Putting it all together: Functional TypeScript in the workplace
We’ve been using all of the above (and very little more) at my day job for 10 months, building a robust HTTP API that’s serving millions of requests per day, integrating with dozens of services. It goes weeks between serving 500s, and using proper types to model computations that can fail forces the team to handle errors and introduce fallback strategies.
I consider it a great technical success. But this is only part of the story: getting there required my team to find their footing and get comfortable.
Since I was the one tasked with getting the service off the ground, I built a proof-of-concept and presented it to them. When I had the buy-in, I immediately became responsible for training and helping everyone in getting along with the codebase. If you find yourself in the same situation, be prepared to pair program, change pedagogy, and be patient. Remember it’s a very different way to do things. You should be able to show different solutions in different styles, as well as refrain from reviewing negatively code that could be more functional.
Would I be more satisfied working in Haskell? Perhaps.
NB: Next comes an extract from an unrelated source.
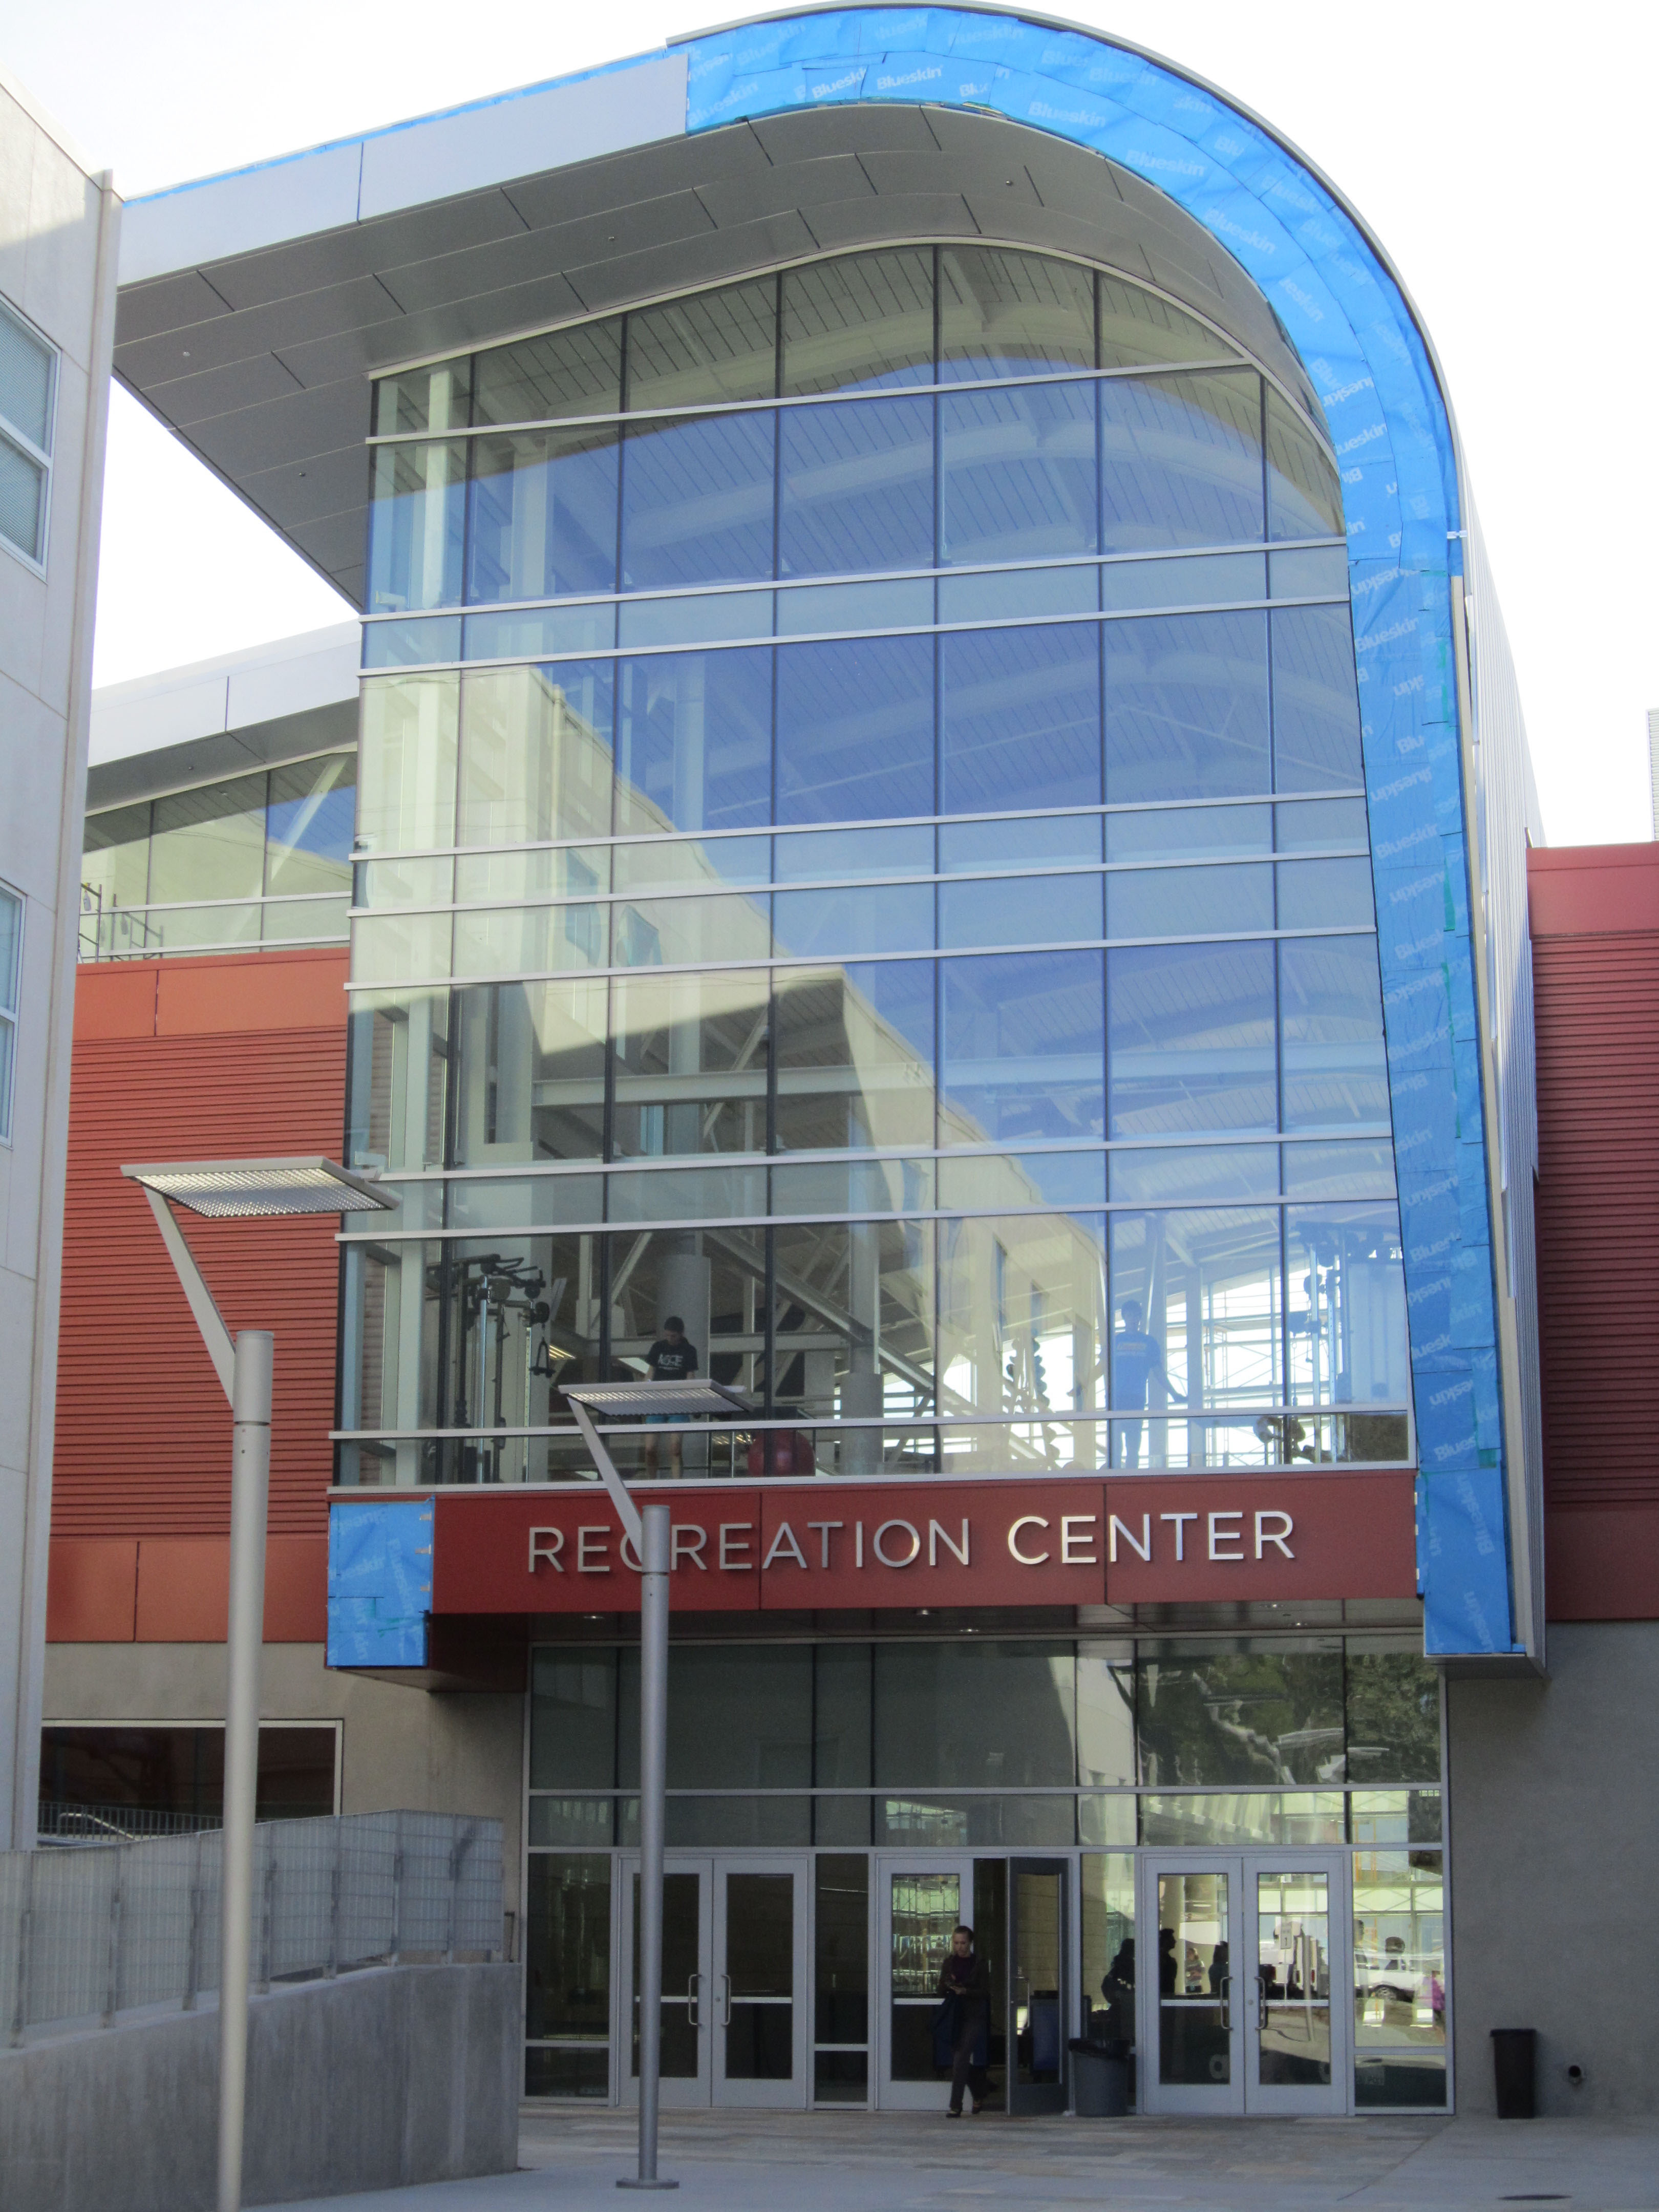 Eingang zum Recreation Center der Cal Poly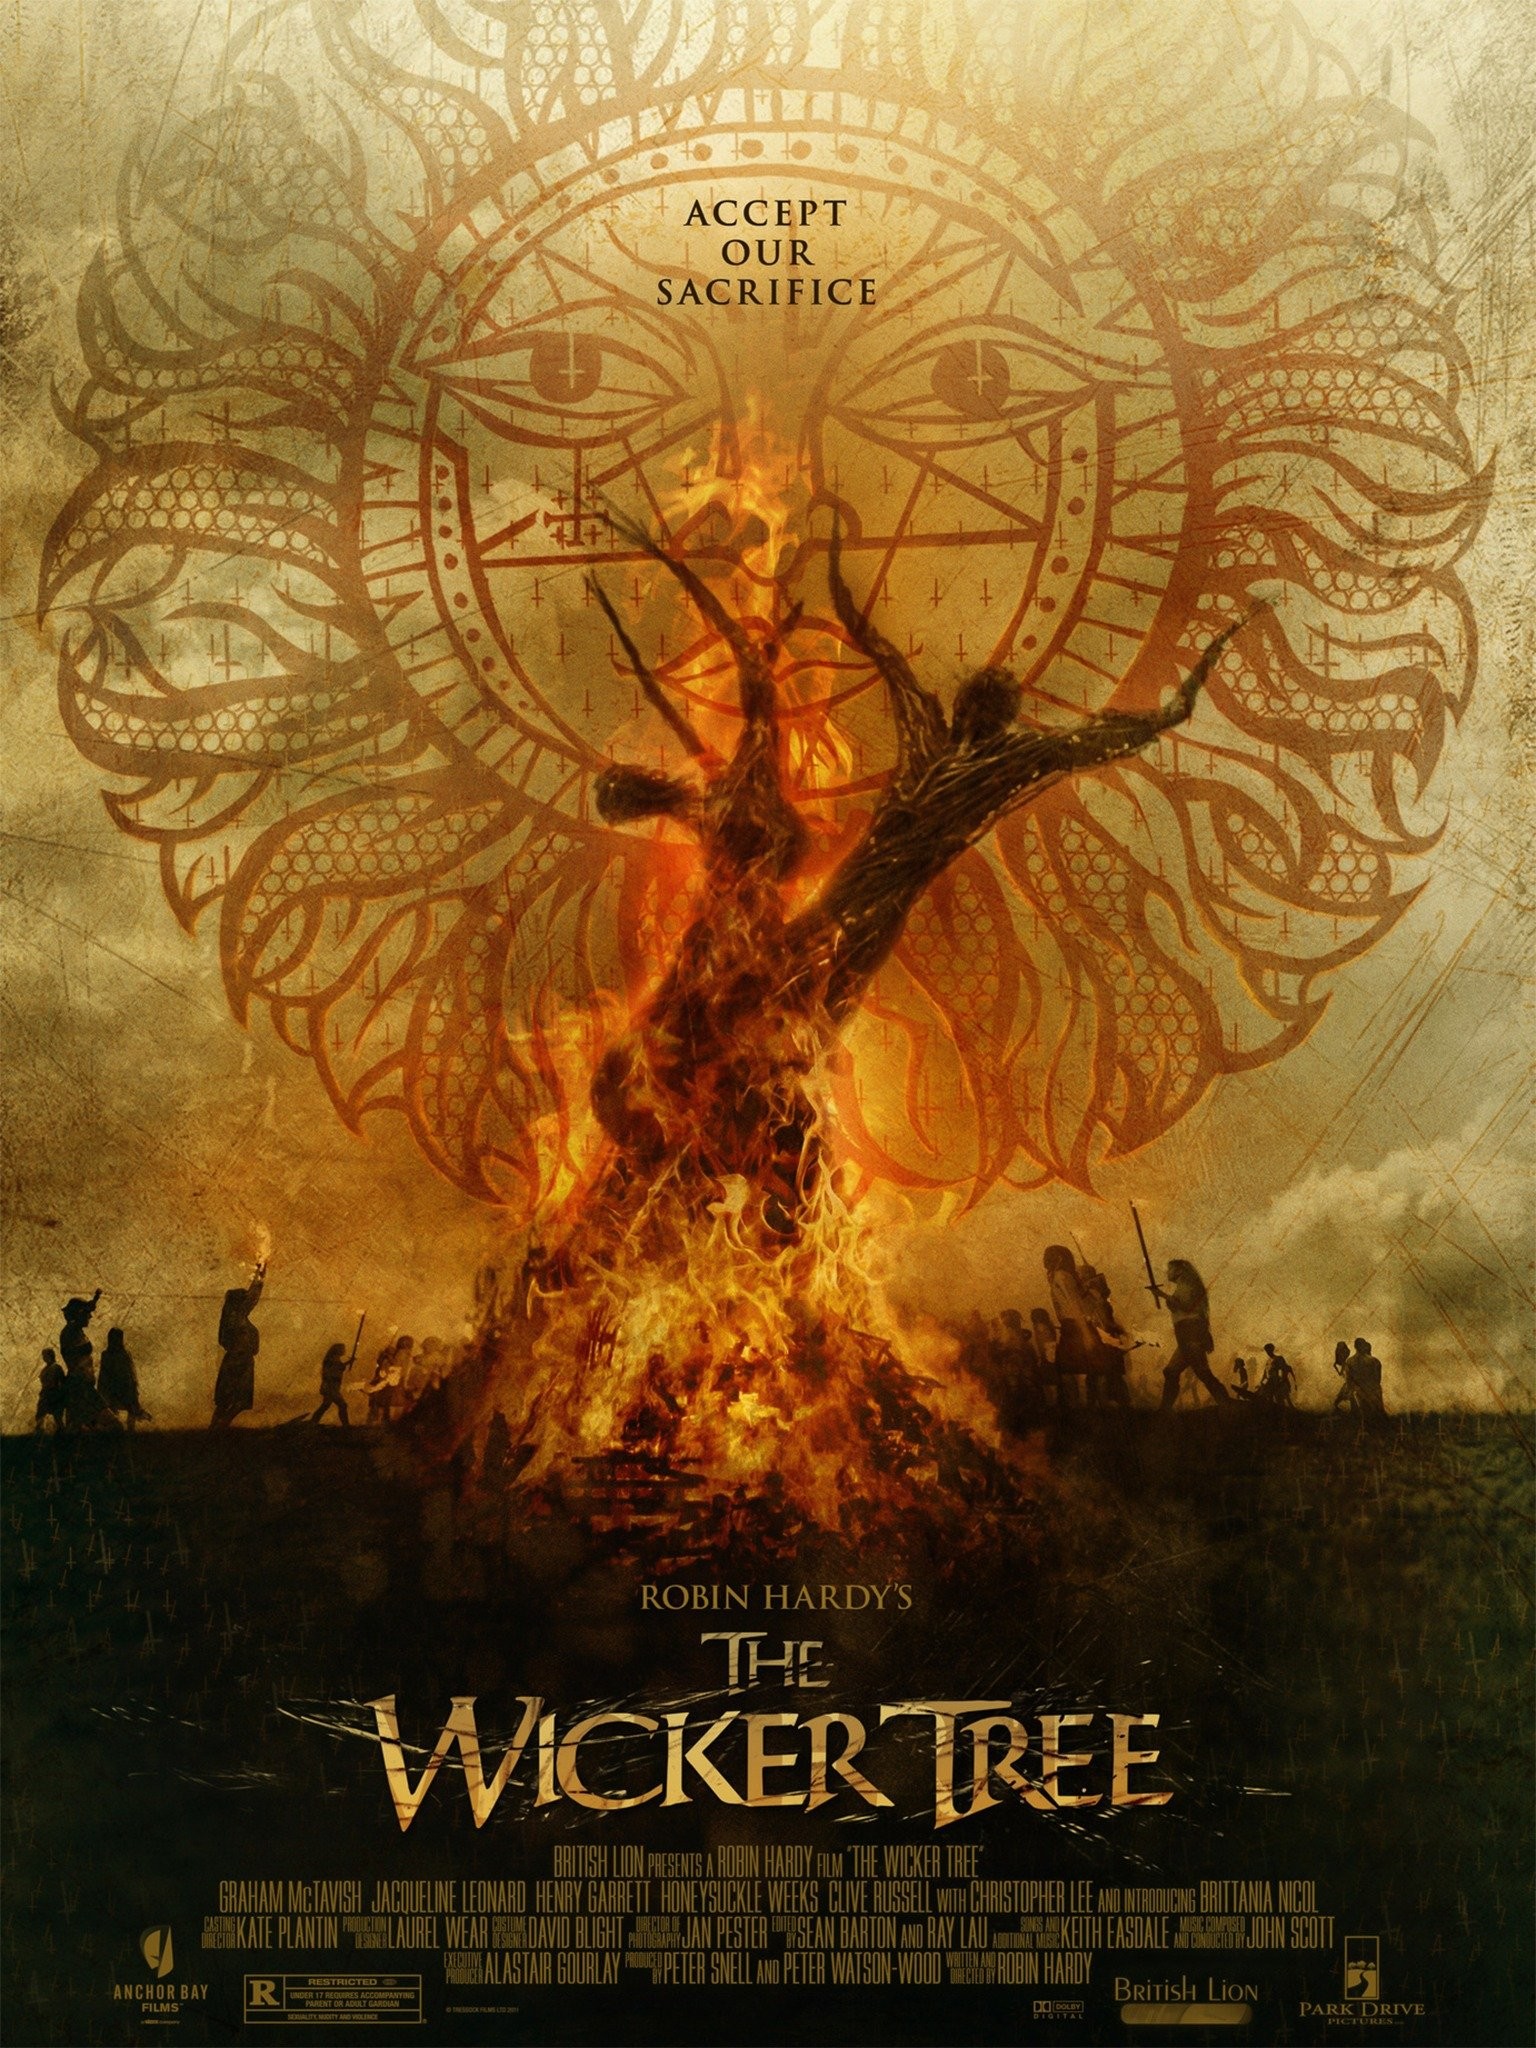 The wicker tree

The fact is I wouldn’t be doing this style of programming professionally, in a conservative technical setting, were it not for node.js being acceptable and TypeScript being adopted by other squads. This pairing makes for a good Trojan horse, and it’s ergonomic enough that the experience ends up being quite pleasant. A lot more people end up being exposed to solving problems differently, to boot. At the end of the day, that’s the biggest win.